1. Introduction
Floods are among the most widespread and destructive natural hazards, frequently resulting in severe loss of life and significant economic damage. With the increasing volatility of weather patterns driven by climate change, the frequency and severity of flood events are projected to rise [
1]. This growing threat underscores the urgent need for preventive and responsive strategies to mitigate the impact of flooding on communities and infrastructure. Preventive measures aim to assess and communicate the likelihood of flooding in specific areas, often through the use of flood depth maps—tools that illustrate potential inundation levels under various conditions [
2]. In contrast, emergency measures are implemented immediately before, during, or following a flood event, and require near-real-time information on flood extent and affected areas to enable timely and effective decision-making [
3].
Flood Early Warning Systems (FEWSs) play a crucial role in minimizing flood impacts through timely alerts and preparedness. However, their effectiveness is often hindered by high computational demands and challenges in accessing and integrating real-time hydroclimatic data—especially in developing regions. Traditional FEWSs depend on complex hydrological and hydrodynamic models that require intensive calibration, data assimilation, and expert knowledge, limiting their scalability and operational efficiency [
4]. These processes are time-consuming and computationally intensive, particularly when ensemble simulations or real-time scenario forecasting are needed. In many regions, the lack of high-quality input data, such as LiDAR-based topography or accurate rainfall estimates, further reduces model reliability. Improving model efficiency, enhancing computational infrastructure, and automating data assimilation workflows are critical steps toward increasing the predictive accuracy and practical feasibility of FEWSs [
4,
5]. To overcome these limitations, developers and practitioners have recommended the application of ML algorithms in flood modeling and analysis [
6].
Machine learning (ML) is a subset of artificial intelligence where algorithms enhance their performance by learning from increasing amounts of data and repeated task execution [
7]. The model’s performance can then be enhanced by uncovering hidden patterns in the data. In hydraulics and flood studies, ML models have been used geographically and temporally [
8]. While most flood research has focused on temporal modeling (such as rainfall runoff), spatial flood mapping remains underdeveloped. Understanding flood spatial dynamics is essential for predicting inundation and informing emergency response.

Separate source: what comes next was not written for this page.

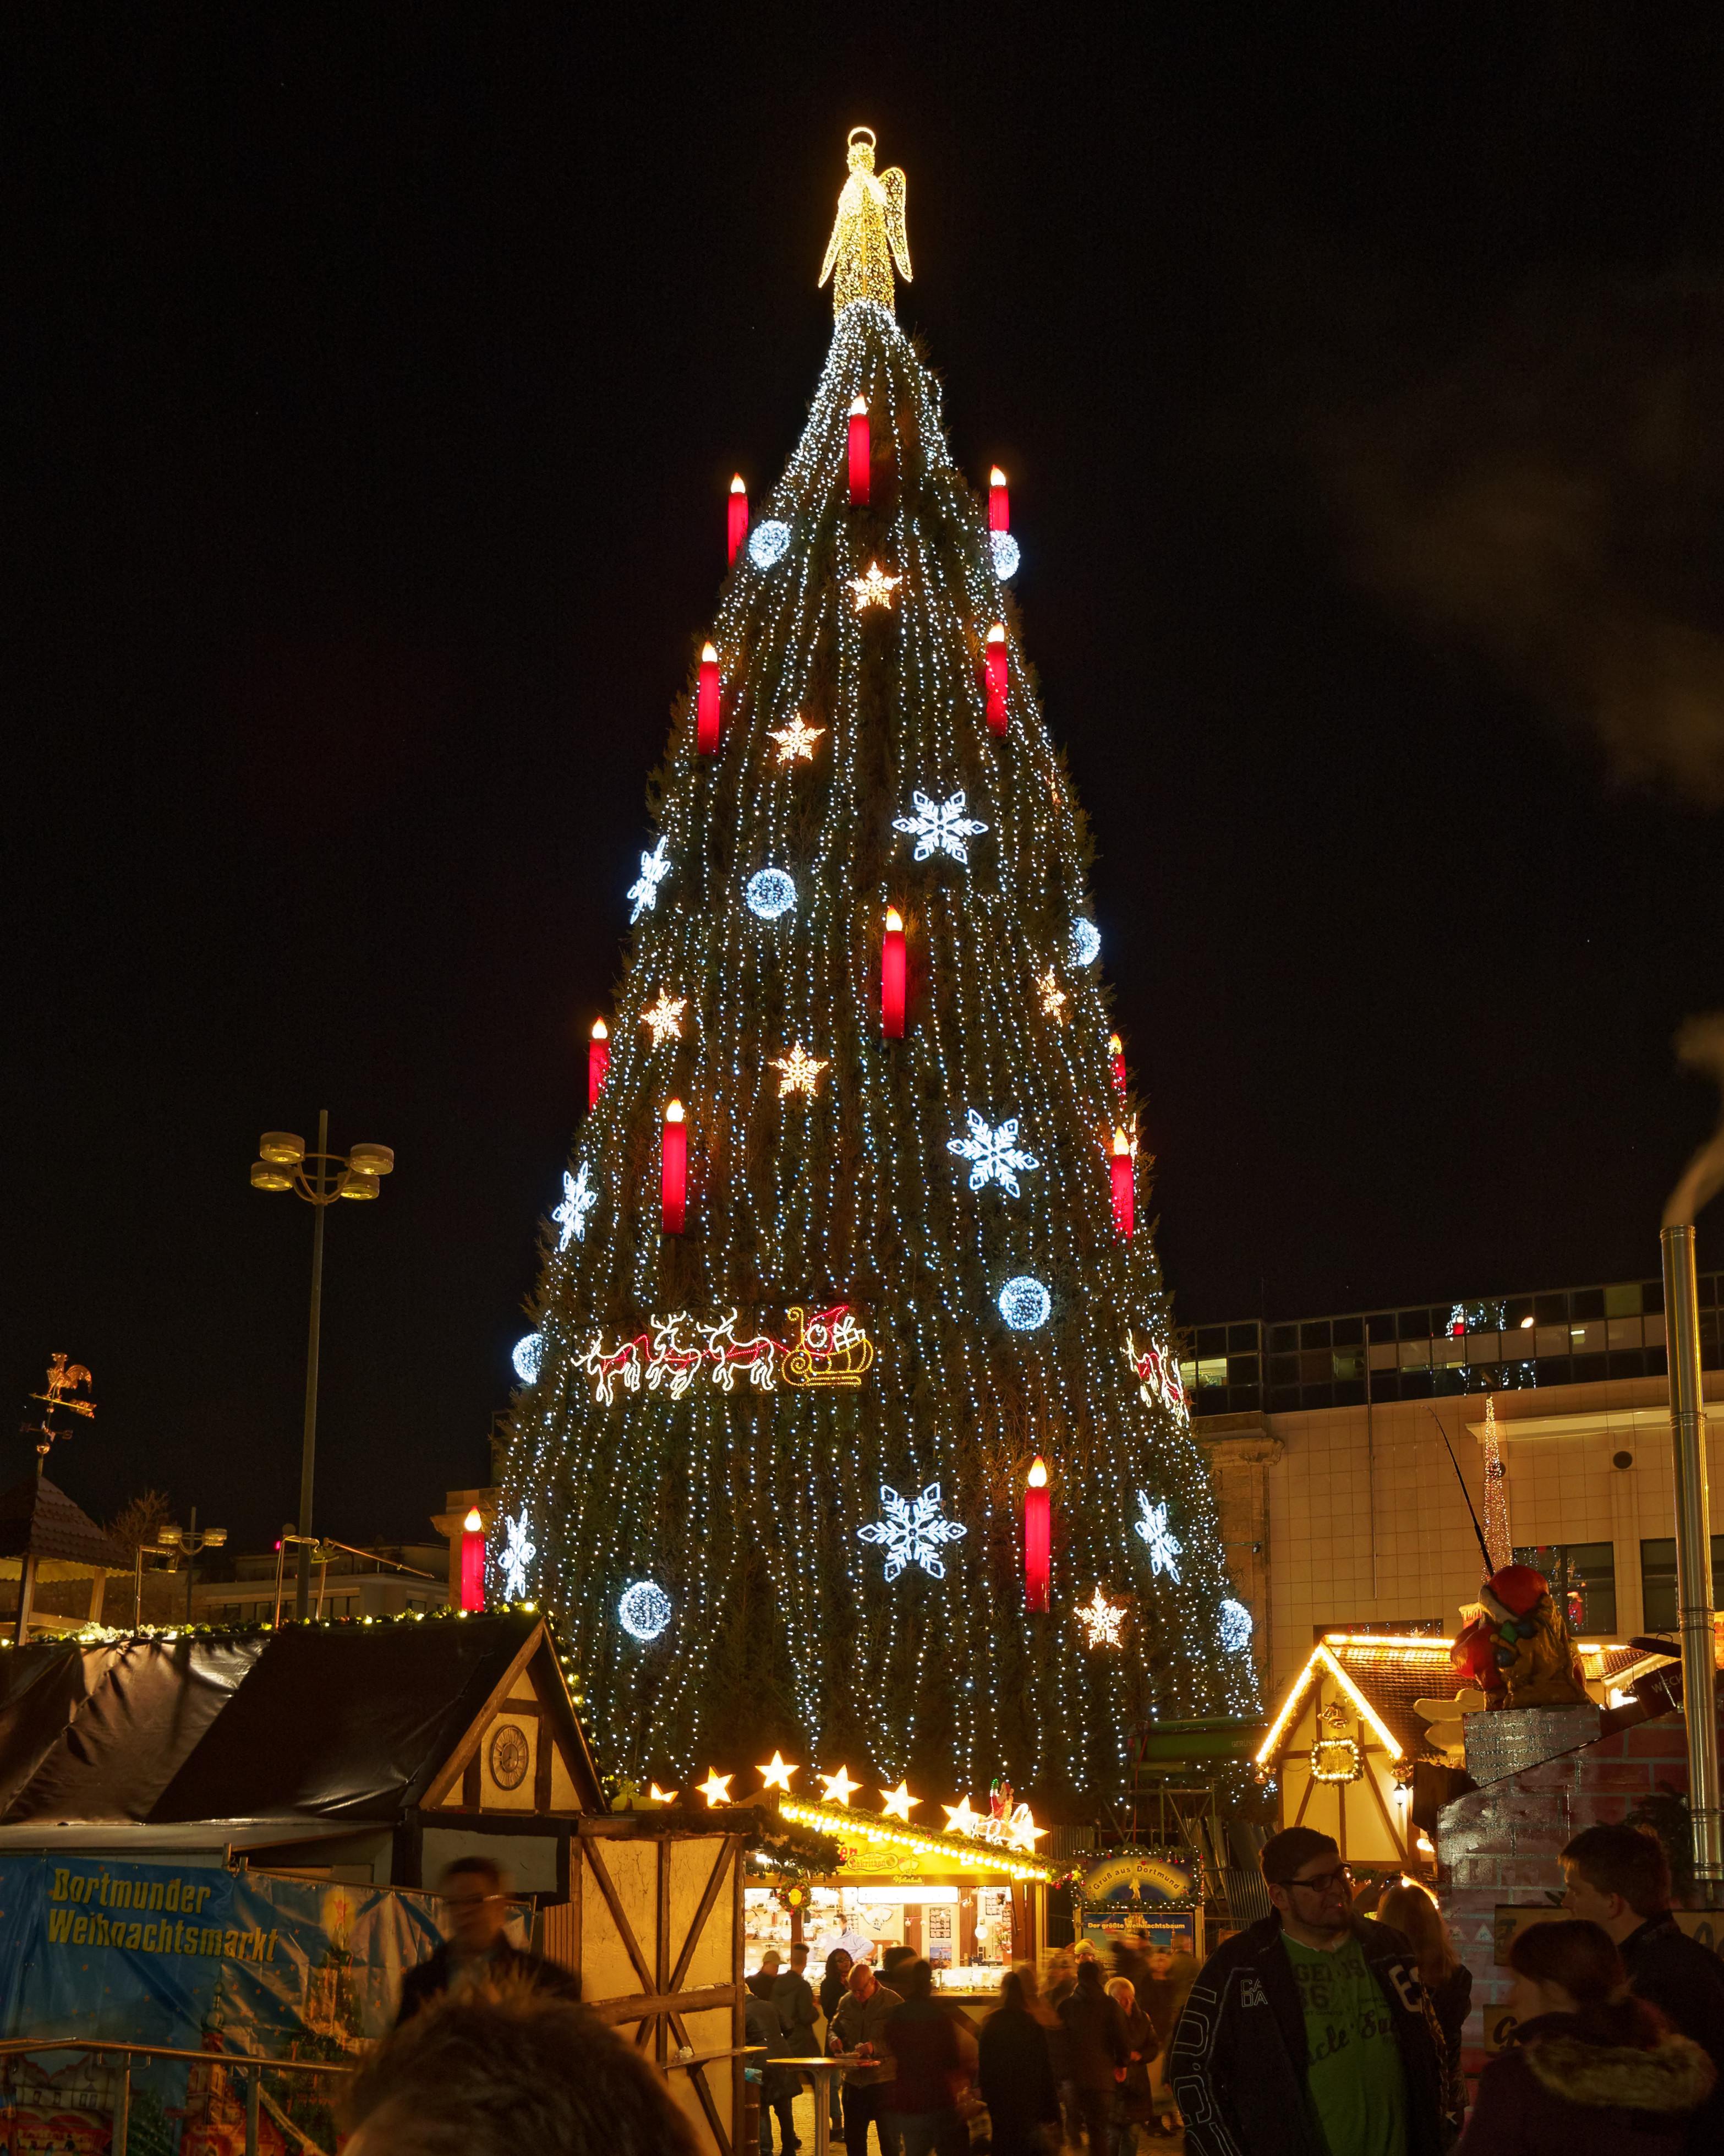 dortmund christmas market wikipedia  dortmunder weihnachtsmarkt.php #1

Due to the high computational cost of traditional models, machine learning (ML) is gaining traction as a faster alternative. However, there is still a significant gap in developing robust, scalable ML models explicitly tailored for spatial flood prediction. Addressing this gap is vital for advancing practical flood risk management solutions [
9]. Accurate prediction of maximum flood depth in ungauged catchments remains a critical challenge, limiting the effectiveness of current flood risk management strategies. Flood depth maps provide estimates of inundation depth and spatial coverage for different rainfall scenarios and return periods. These maps are typically generated using numerical hydrodynamic models, which simulate flood behavior by discretizing the governing equations and the spatial domain. In addition to depth, such models can also simulate flow velocities, offering a more comprehensive representation of flood dynamics.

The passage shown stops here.